Anthocyanins constitute a colorful family of plant specialized compounds derived from Lphenylalanine, with functions in plants such as pigmentation of flowers and fruits, UV-protection, among others. Although the enzymatic steps leading to production of anthocyanins are well known in petunia, there is little evidence on how the enzymes are spatially organized to channel the pathway towards the biosynthesis of specific compounds on-demand, how is their regulation at the protein level and how these compounds are transported from biosynthesis to storage. The existence of enzyme complexes (metabolons) with different configurations provides a plausible explanation for the metabolic control and flexibility, nevertheless the experimental proofs are still elusive and the dynamic regulation remains largely unknown.

The aim of this PhD thesis was to develop untargeted multi-omics approaches to unveil the enzymatic networks governing biosynthesis of anthocyanins in petunia during flower development.

Integration of temporal multi-omics dataset of Petunia inflata, encompassing global proteomics and metabolomics of flowers at different developmental stages, allowed to establish patterns of coexpressed proteins in relation to the profile of anthocyanin accumulation. The robust weighted gene co-expression network analysis WGCNA analysis led to the discovery of a new 4CL paralog dedicated to the biosynthesis of anthocyanins in petunia.

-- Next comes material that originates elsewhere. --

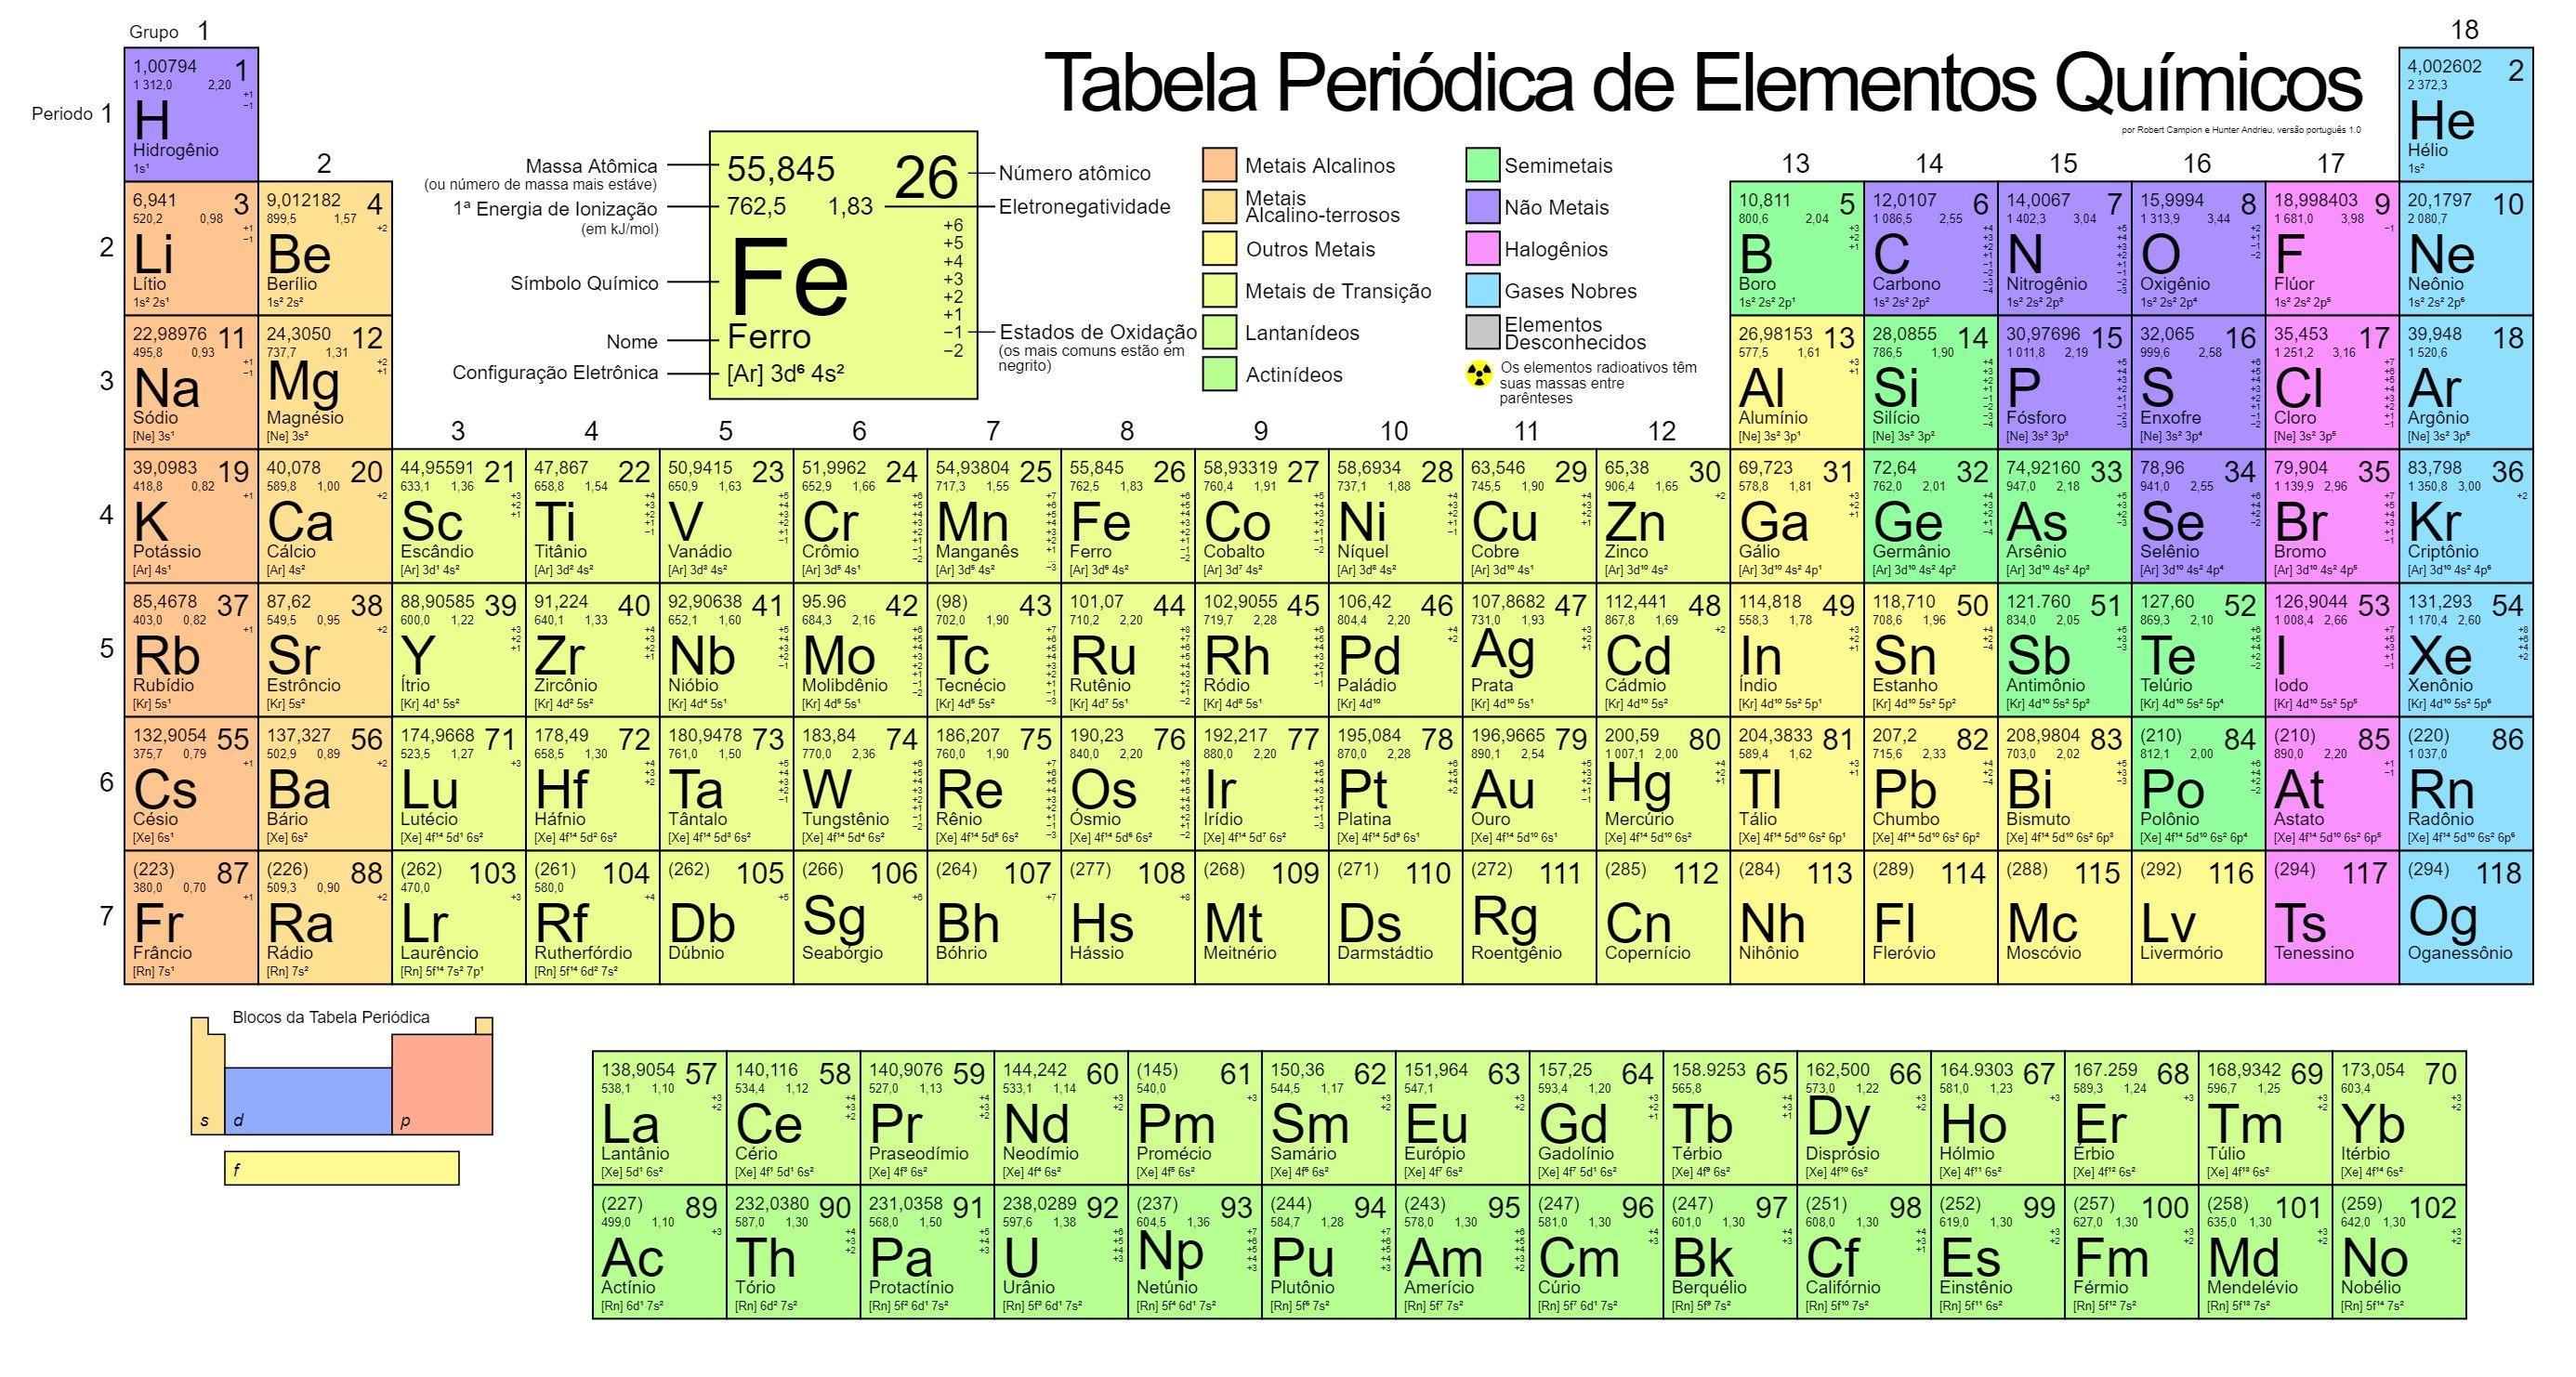 Tabela Periodica Atual E Moderna Com Configuracao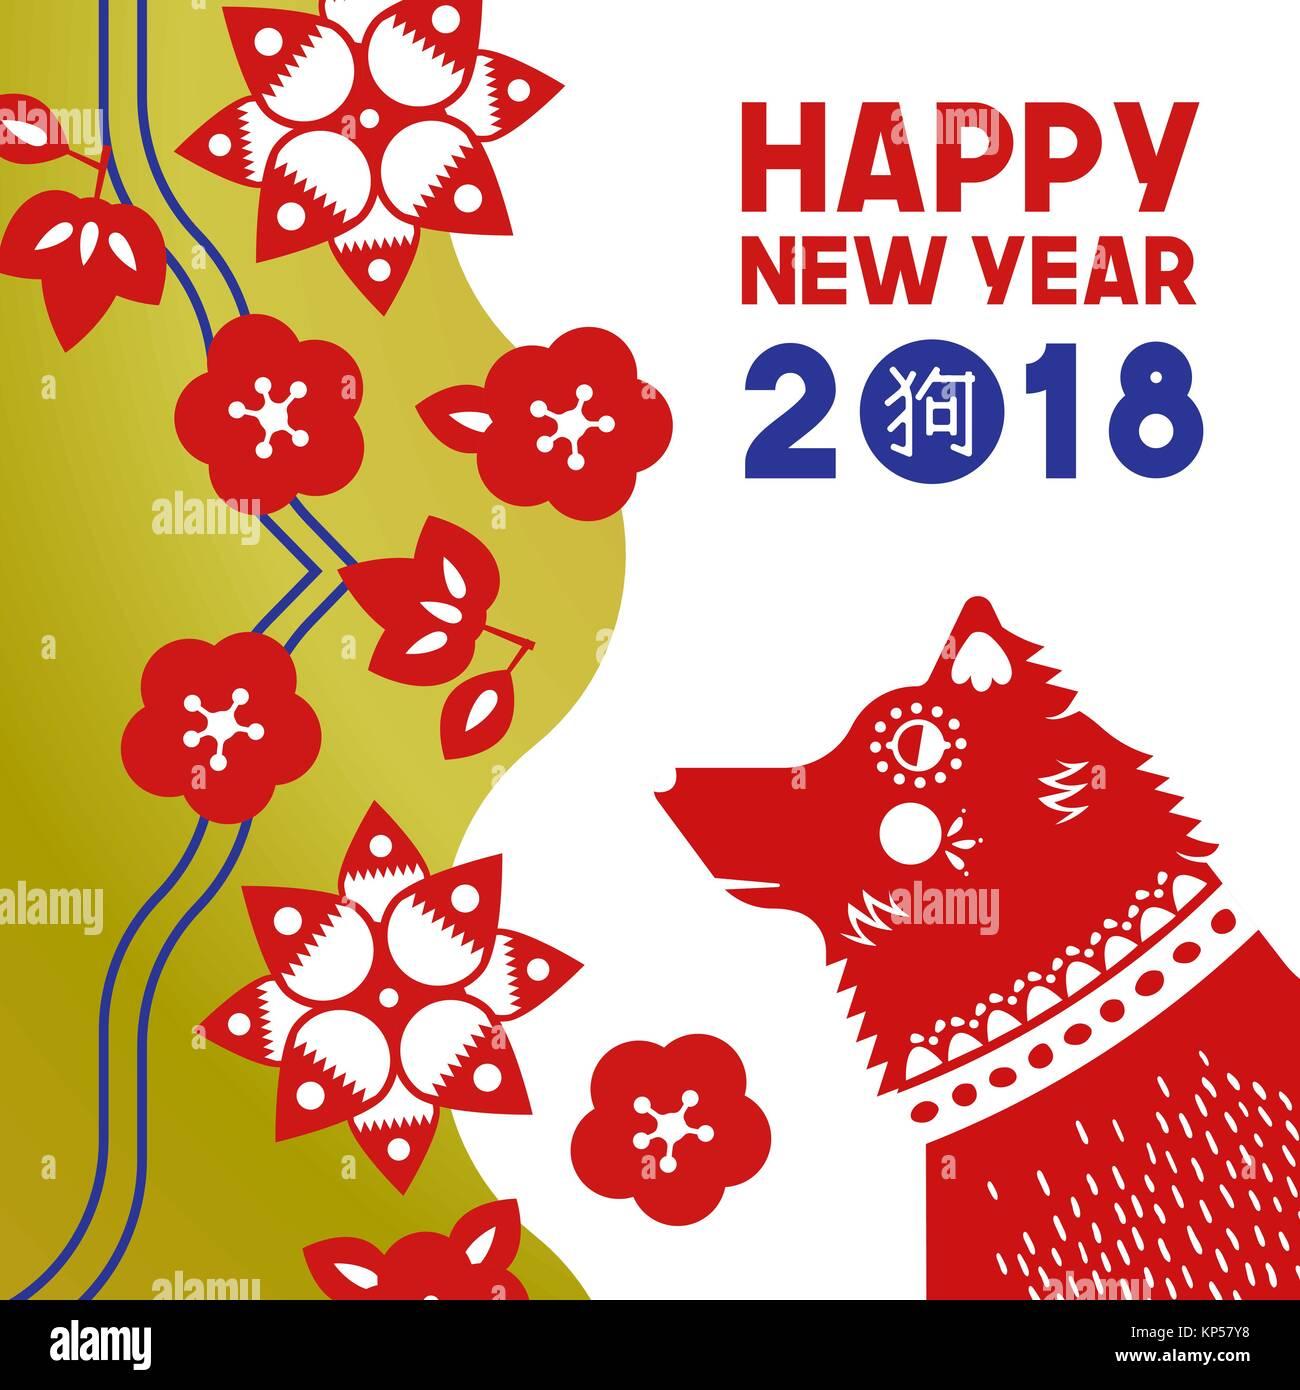 Chinesisches Neujahr 2018 Illustration, rotes Papier schneiden Stil ...

The cutting-edge TurboID-mediated proximity labeling was established in petunia and exploited to study dynamic protein networks in the anthocyanin pathway in vivo. For this, the endoplasmic reticulum (ER) membrane anchored cinnamic acid 4-hydroxylase (C4H) and the soluble glutathione transferase (AN9) from Petunia inflata were used as baits, coupled to TurboID and expressed transiently in petunia tissues. In the presence of biotin, TurboID releases a cloud of reactive biotin that binds covalently as a molecular tag to all proteins near the bait. In these proximity labeling experiments, the biotinylated proteins were isolated using streptavidin pull down and quantified by mass spectrometry. Among the enriched proteins in C4H-TurboID and AN9-TurboID systems, we identified multiple soluble enzymes from the anthocyanin pathway as well as additional ER membrane anchored cytochrome P450s, suggesting that the pathway is spatially organized and in association with the ER membrane mediated by cytochrome P450s.

The results of this thesis provides the basis to further investigate metabolon formation in the anthocyanin pathway, using petunia as a model plant. Combining different untargeted strategies will allow us to better understand how plants can modulate the biosynthesis of a large array of chemical compounds, such as anthocyanins, in a tailored manner in addition to set the foundation knowledge for future production of bioactive molecules in heterologous systems.